Find the Sum of the Series $$\sum_{n=0}^\infty \frac{3n^2 -1}{(n+1)!}$$ I separated the Series in to the sum of $\sum_{n=0}^\infty \frac{3n^2}{(n+1)!}$ and $\sum_{n=0}^\infty \frac{-1}{(n+1)!}$. First i proceeded to find the sum of the Series $\sum_{n=0}^\infty \frac{-1}{(n+1)!}$. What i did is to integrate $e^x = \sum_{n=0}^\infty \frac{x^n}{n!}$, then $e^x = \sum_{n=0}^\infty \frac{x^n x}{(n+1)n!} = \sum_{n=0}^\infty \frac{x^n x}{(n+1)!}$. Finally i've got that $$\frac{e^x}{x}=\sum_{n=0}^\infty \frac{x^n }{(n+1)!}$$. So $\sum_{n=0}^\infty \frac{-1}{(n+1)!}$ should be equal to $e$ if i choose $x=1$. The problem is that when i calculate the Sum with wolfram alpha https://www.wolframalpha.com/input/?i=sum+%281%29%2F%28%28n%2B1%29%21%29+%2Cn%3D0+to+infinity the resault is other.
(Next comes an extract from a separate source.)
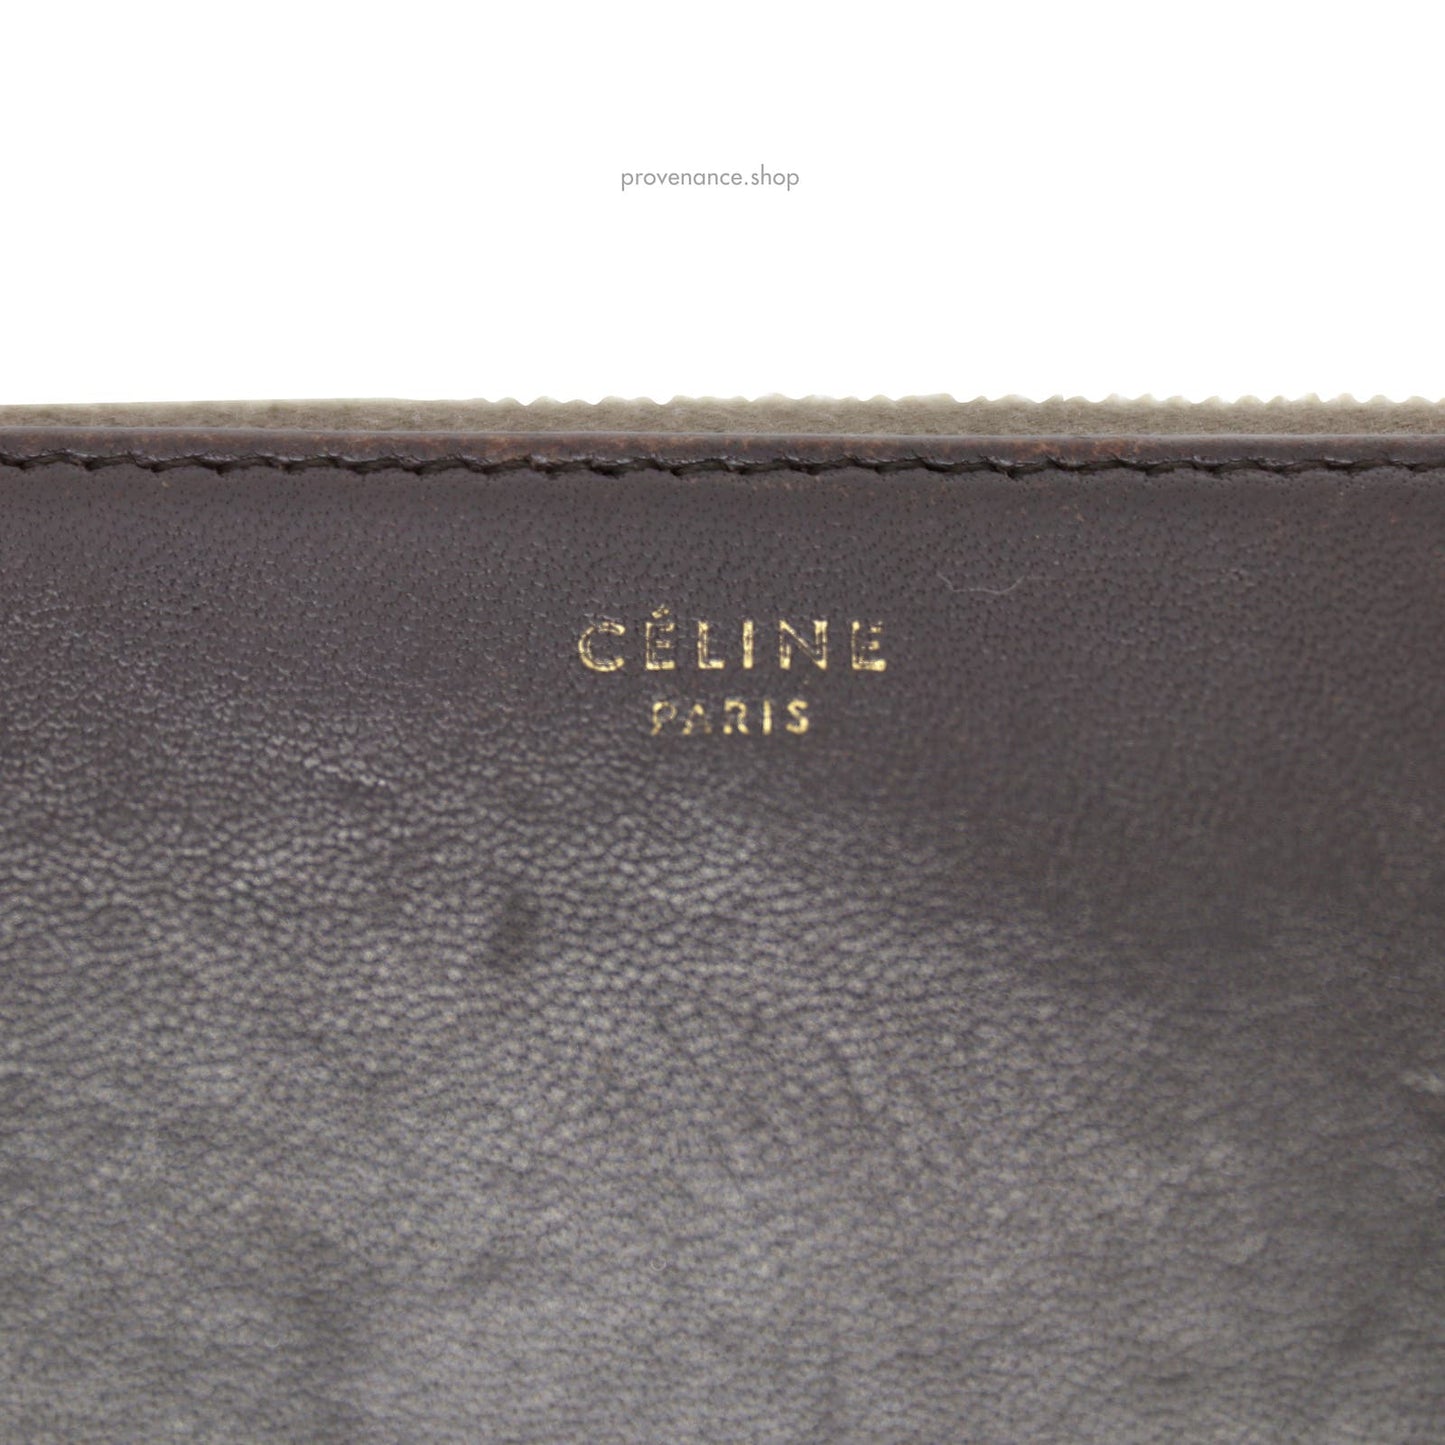 🔴 Celine Multifunction Zip Wallet - Grey/Black
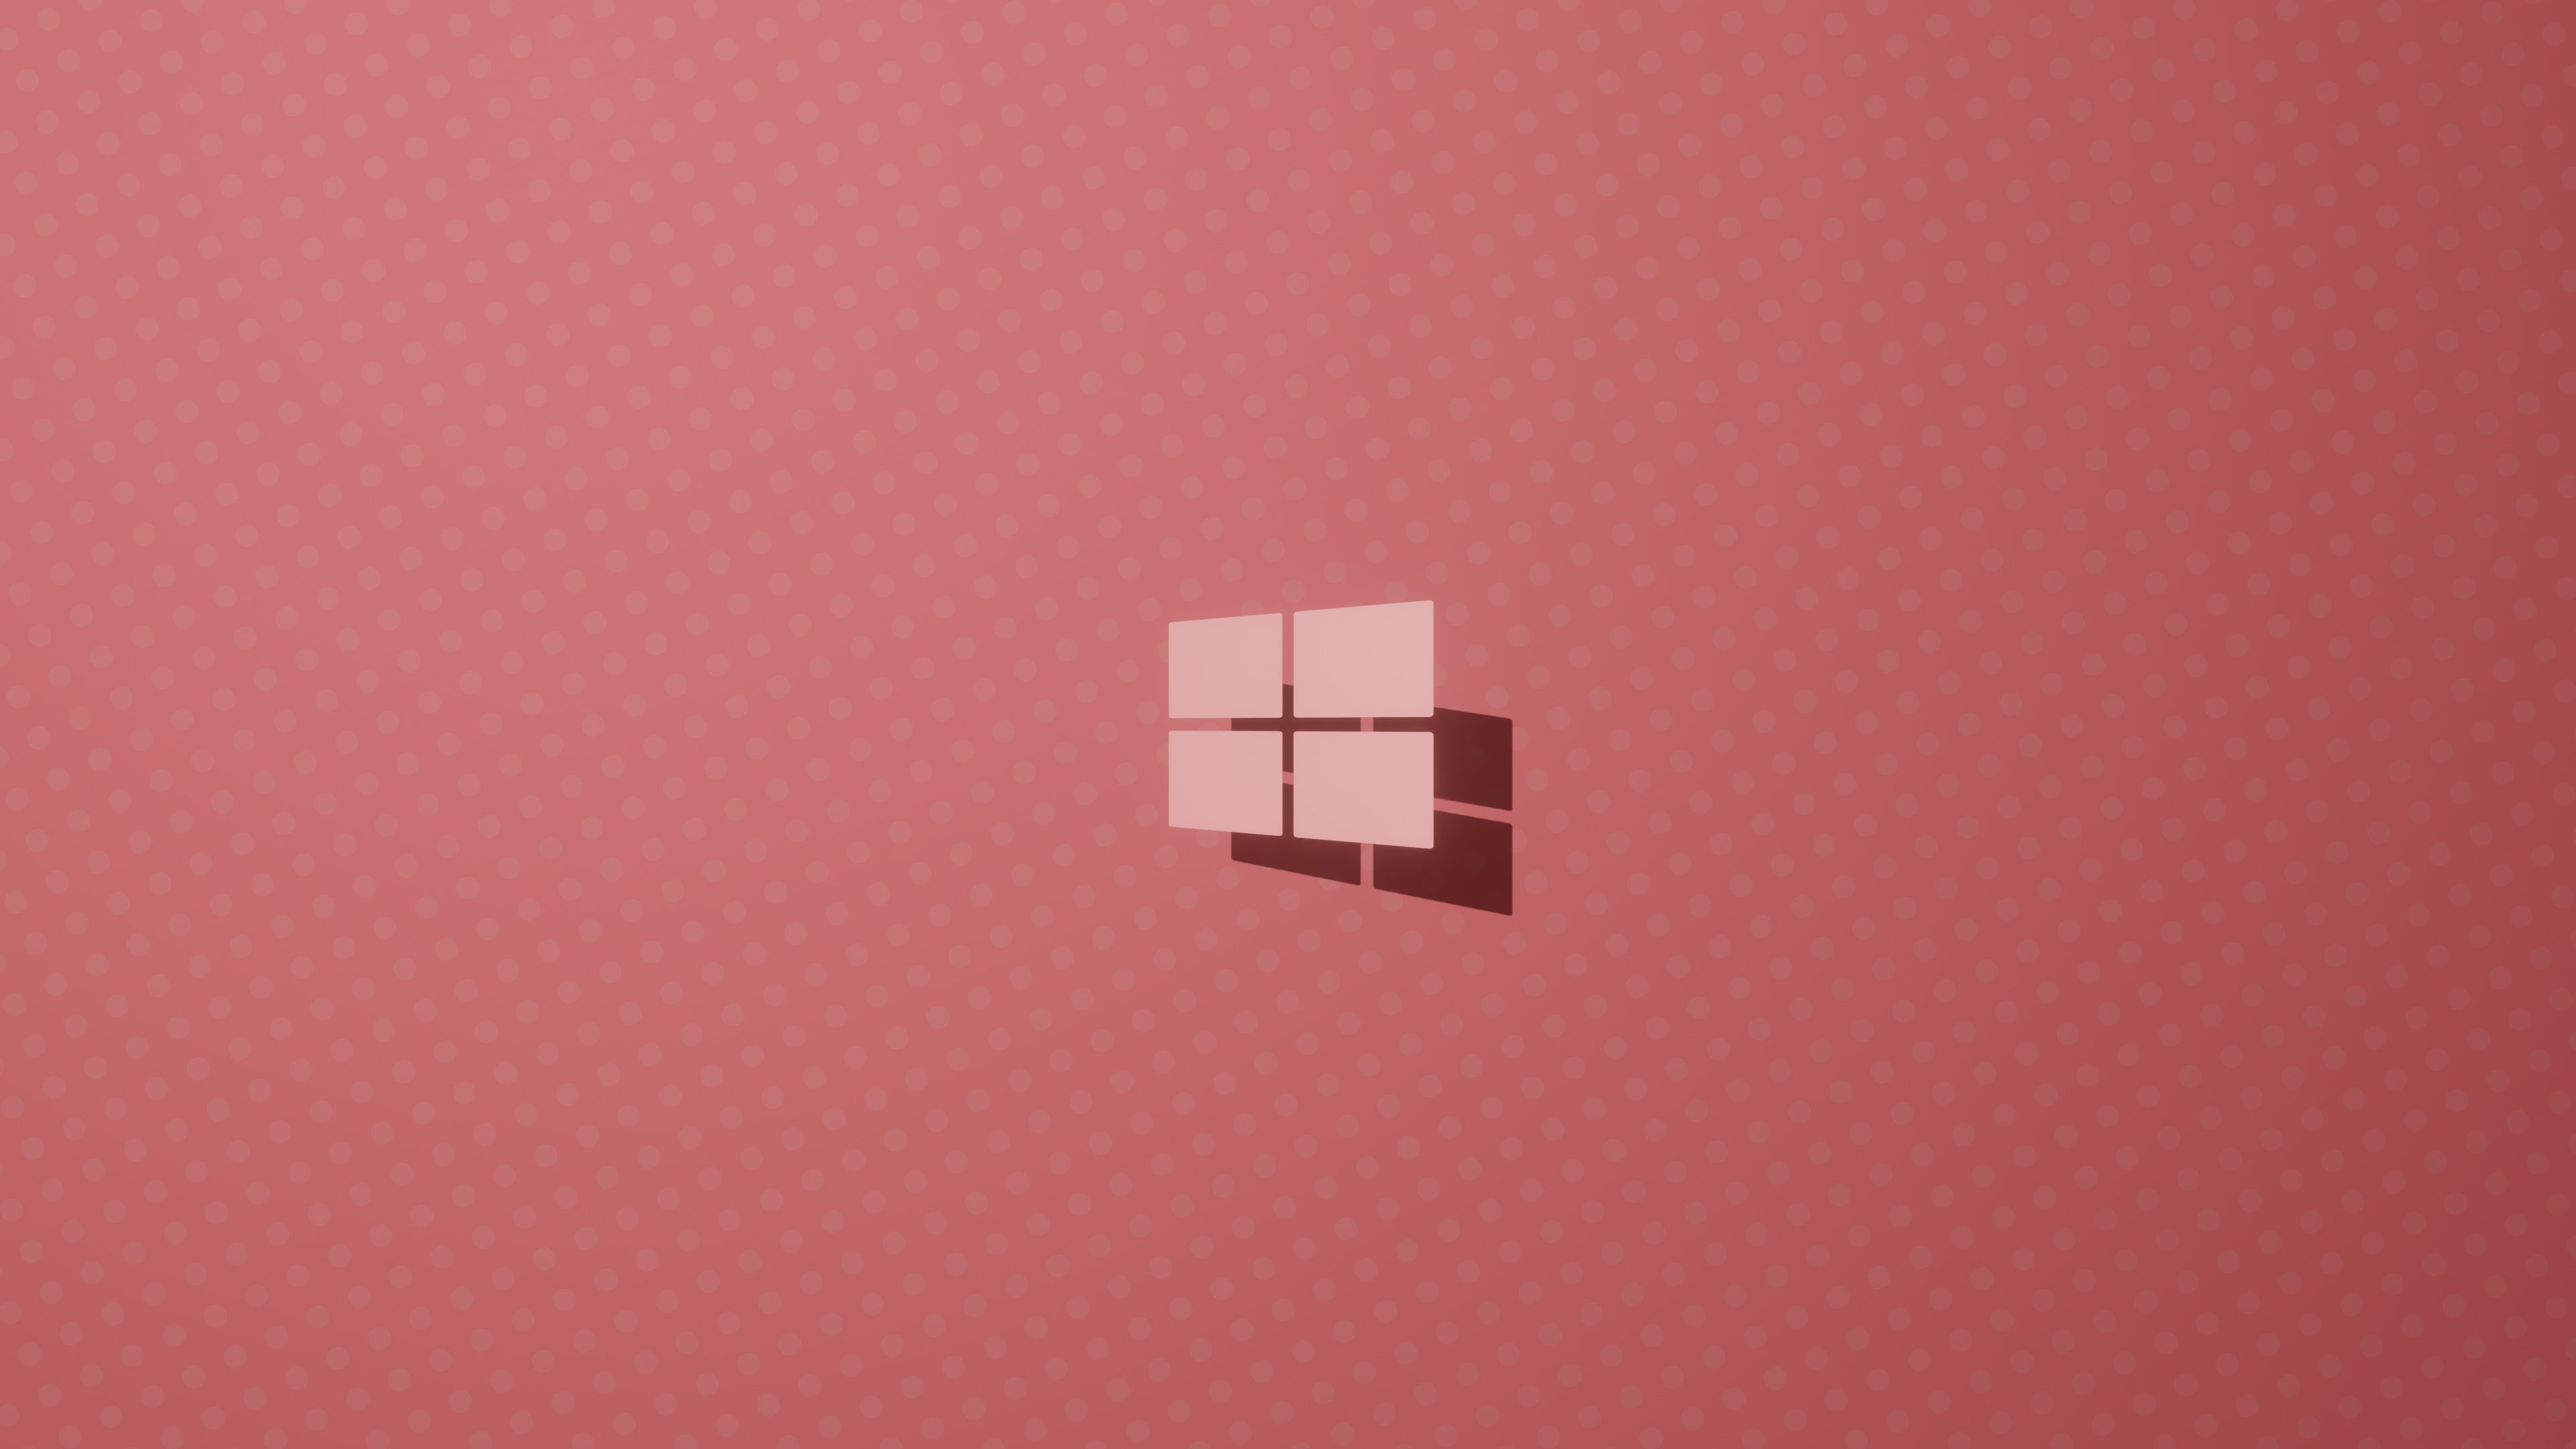 Hình nền màu hồng sang trọng của Windows 10 chỉ là một trong những ưu điểm tuyệt vời nhất của giao diện này. Nếu bạn muốn có những trải nghiệm mới mẻ,thú vị, tìm hiểu thêm về hình nền này bằng cách xem hình ảnh liên quan sẽ là sự lựa chọn hoàn hảo!

It seems to be missing a term. The Sum $\sum_{n=0}^\infty \frac{3n^2}{(n+1)!}$ i'm not really sure how to calculate it. Thanks in advance

Answer 1

$$\sum_{n=0}^\infty\frac{1}{(n+1)!}=\sum_{m=1}^\infty\frac1{m!}=e-1,$$ $$\sum_{n=0}^\infty\frac{n+1}{(n+1)!}=\sum_{n=0}^\infty\frac1{n!}=e,$$ $$\sum_{n=0}^\infty\frac{(n+1)n}{(n+1)!}=\sum_{n=1}^\infty\frac1{(n-1)!}=e.$$ If you can express $$\sum_{n=0}^\infty\frac{3n^2-1}{(n+1)!}$$ as a linear combination of these sums, then you're in business.

Answer 2

Actually,$$\sum_{n=0}^\infty\frac1{(n+1)!}=\sum_{n=1}^\infty\frac1{n!}=\left(\sum_{n=0}^\infty\frac1{n!}\right)-1=e-1.$$

And$$\sum_{n=1}^\infty\frac{n^2}{(n+1)!}=e-1$$as was proved here.

Answer 3

We have $$ 3n^2-1=3(n+1)^2-6(n+1)+2 $$ Hence $$ \sum_{n=0}^\infty \frac{3n^2-1}{(n+1)!}= \sum_{n=0}^\infty \frac{3(n+1)^2-6(n+1)+2}{(n+1)!}= \sum_{n=0}^\infty \frac{3(n+1)^2}{(n+1)!}-\sum_{n=0}^\infty \frac{6(n+1)}{(n+1)!}+\sum_{n=0}^\infty \frac{2}{(n+1)!}=\\ \sum_{n=0}^\infty \frac{3(n+1)}{n!}-6\sum_{n=0}^\infty \frac{1}{n!}+2\sum_{n=0}^\infty \frac{1}{(n+1)!}=\sum_{n=0}^\infty \frac{3n}{n!}+3e-6e+2(e-1)=3e+3e-6e+2e-2\\=2e-2 $$

Answer 4

$\sum_{n=0}^\infty \frac{3n^2 -1}{(n+1)!}=\sum_{n=0}^\infty \frac{3(n^2 -1)+2}{(n+1)!}=\sum_{n=0}^\infty \frac{3(n-1)}{n!}+\sum_{n=0}^\infty \frac{2}{(n+1)!}=\sum_{n=1}^\infty \frac{3}{(n-1)!}-\sum_{n=0}^\infty \frac{3}{n!}+\sum_{n=0}^\infty \frac{2}{(n+1)!}=3e-3e+(2e-2)=2e-2$